En un estudio clásico, conducido por el Instituto Nacional de la Salud de Estados Unidos en 1990, un grupo de personas estuvieron en un cuarto obscuro durante 14 horas por día, durmieron, en promedio, 12 horas por noche durante las primeras 4 semanas. Después el promedio bajo a 8 horas. En otras palabras, ellos tenían que pagar su deuda de sueño antes de poder estabilizarse dentro de un esquema saludable de dormir.

Estado de ánimo del SUEÑO

Probablemente has notado que la falta de sueño te hace un poco temperamental. Cualquier niño, adolescente o adulto que no durmió bien en algún momento del día (si no es que todo el día) “está de malas”. En un meta-análisis de 19 estudios del sueño, los psicólogos June J. Pilcher, PhD, de la Universidad de Clemson en Clemson, Carolina del Sur, y Allen Huffcutt, PhD., de la Universidad de Bradley en Peoria, en el Estado de Illinois, encontraron que, la privación del sueño afecta el estado de ánimo más que cualquier rendimiento cognitivo o físico.

Con frecuencia, la falta de sueño te hace sentir de mal humor sin saber por qué. Algunos científicos tienen la hipótesis de que el sueño ayuda a reponer algunos neurotransmisores como la dopamina, que facilita diversas funciones cerebrales críticas.
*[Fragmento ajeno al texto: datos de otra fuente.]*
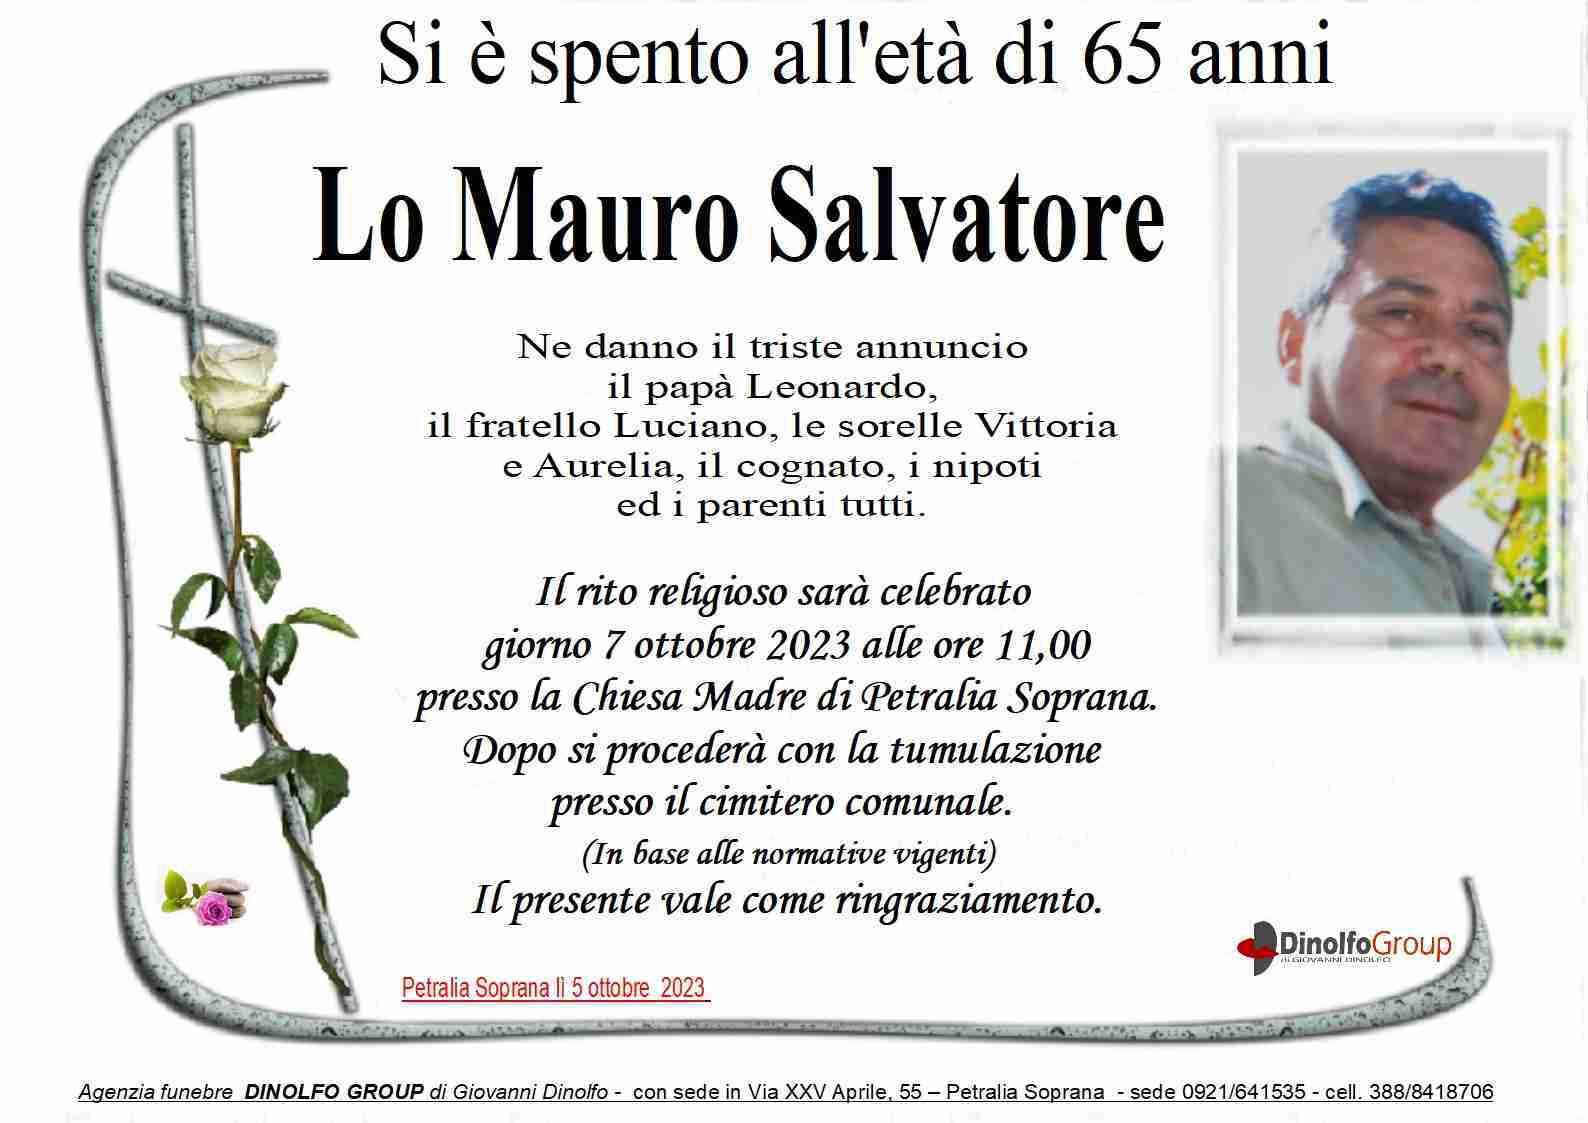 Salvatore Lo Mauro

Cuando no dormimos lo suficiente la actividad nerviosa se ve afectada. Como resultado, nos volvemos menos motivados, nuestros pensamientos y reacciones se vuelven lentas y estamos más vulnerables a estados de ánimo negativos.

Por el contrario: “Estudio tras estudio los investigadores del sueño han encontrado que el DORMIR BIEN dispone al cerebro para sentimientos positivos”, escribió William C. Dement, MD, PhD, profesor y jefe de la División de Sueño en la Universidad de Stanford, en el libro “The Promise of Sleep” (“La promesa del sueño”). Y añade: “Cuando no dormimos lo suficiente, tenemos una vista muy vaga de las circunstancias: estamos más fácilmente propensos a la frustración, menos felices, short-tempered, menos activos”.

ESTRÉS DEL SUEÑO

Dormir juega un importante rol en el sistema endócrino, el cual regula las hormonas en el corriente sanguíneo. Mientras dormimos, el cuerpo se encarga de reparar el daño hecho por estrés y nos prepara para aguantar más estrés en el camino.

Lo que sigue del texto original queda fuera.